While working on small or moderate data sets, aggregation feature is measured as the best viable option. This is because, aggregation can be performed with help of a small standard query which is efficient and simple to use. But, can aggregate feature work well with large data sets? The answer is ‘NO’. Aggregate features won’t work with large data sets, as the query execution will devour extra time in terms retrieving huge amount data and eventually slow down application’s performance.
Within smaller data sets fetching and comparing values from particular column or rows is easier as compared to large data sets. But, what solution can be offered to deal with large data sets, wherein PostgreSQL can just return the records without hampering system performance and additional efforts.
To save the application from slowing it is performance, indexes can be used. But a superior option is rollup tables. They can be used instead of large primary data sets because it is capable of executing multiple conditions in combination. So, if your table has huge amount of records, directing your queries to a small roll up table would be feasible, as a small table might have all the pre-aggregated values for the conditions you might need to fetch data for.

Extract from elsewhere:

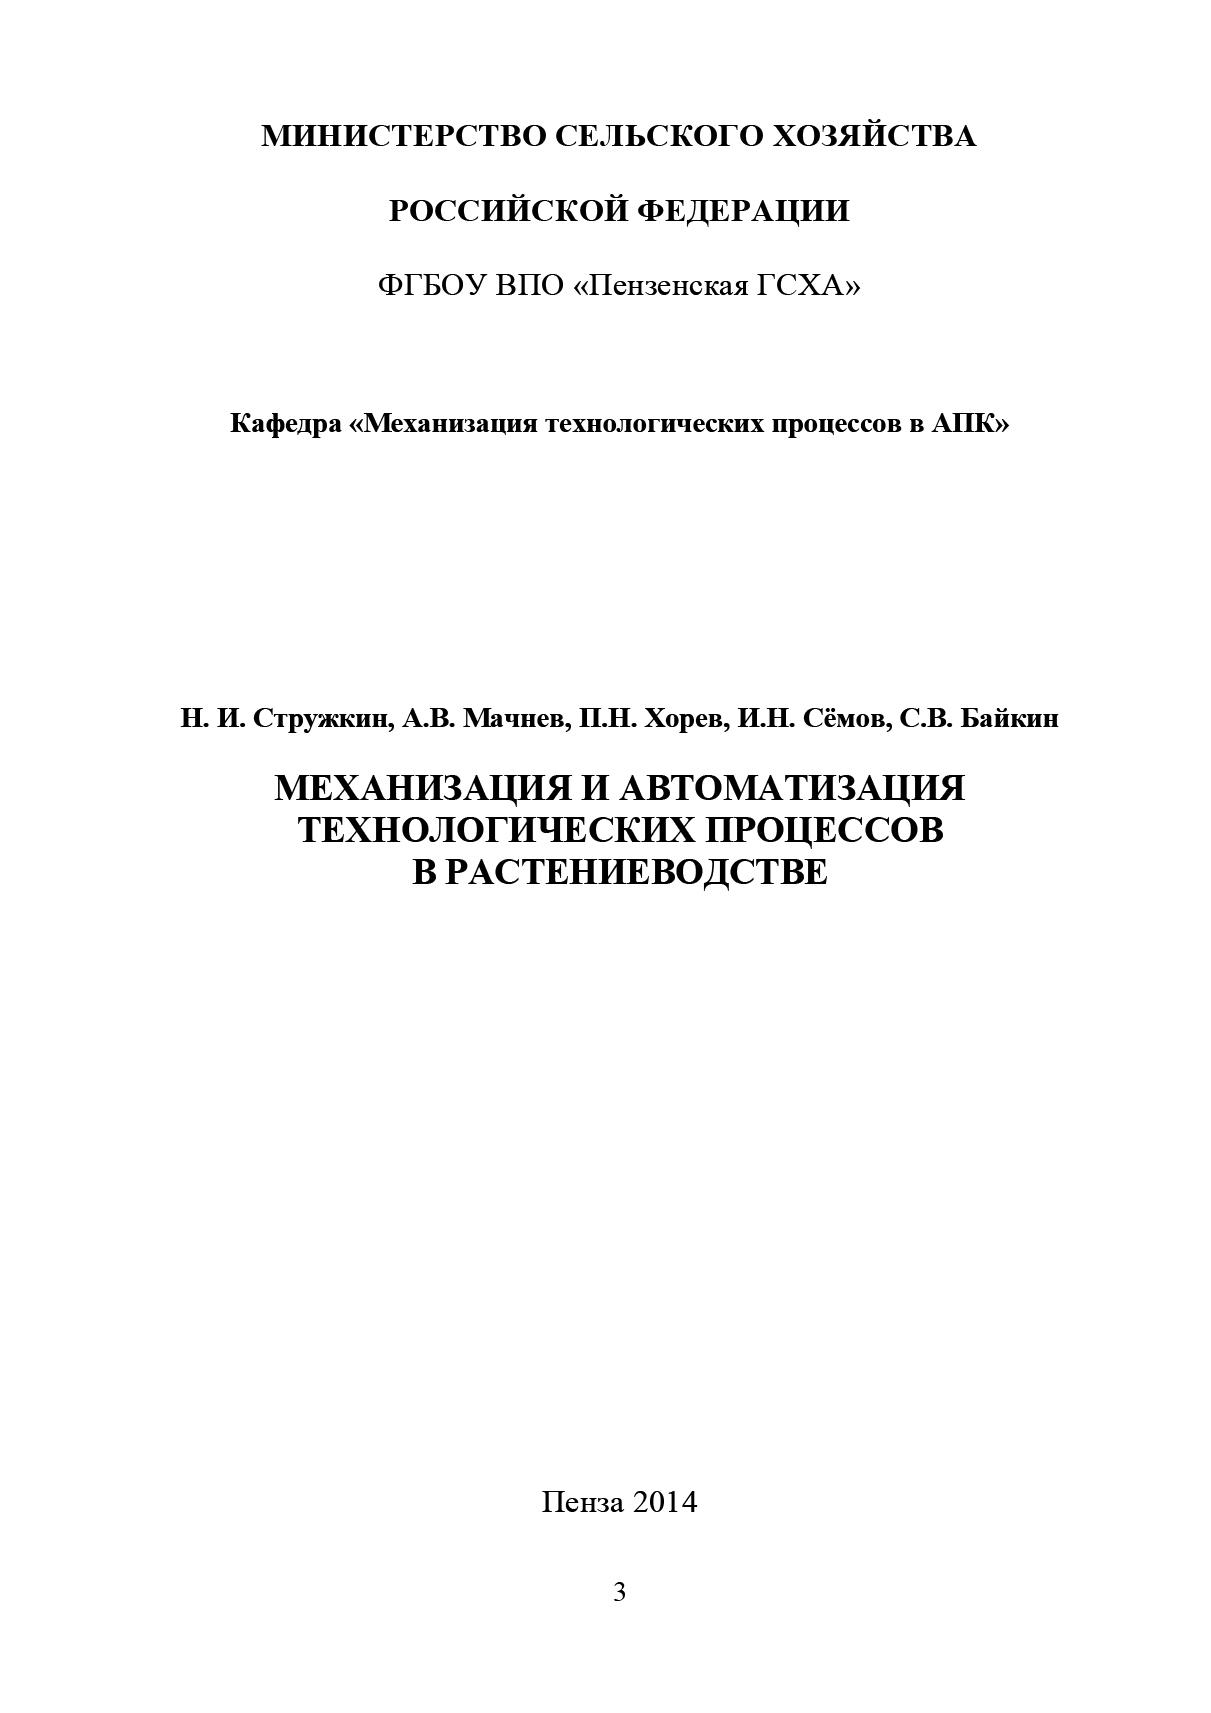 Семён Байкин Механизация и автоматизация технологических процессов в растениеводстве автомагнитола mp3 sd mmc usb usb aux

Here is an example, where we are fetching 10885,500 temperature records of 12 organizations with 30,000 devices. The processor we have used is Intel Core i3 3220 and RAM is 8 GB. So in this case, if we execute the query on the fly using large data sets then the time consumed to display results would be too much. Check below table and details where query execution time is mentioned in seconds.
- Each device sends one record per day.
- We are showing change in temperature over one year.
- We will calculate min, max, avg, and std deviation which in a way defines change.
Keeping the rollup’s data in sync is the biggest challenge and moreover, reflecting the rollup table’s total accuracy can be difficult too. So to overcome this, during an every insert, update or delete query in the primary table, an update to various rows within rollup table is essential. Hence, to accomplish this appropriate logic for your application is required. Here are three solutions given below.
So what can be done to keep the data in sync?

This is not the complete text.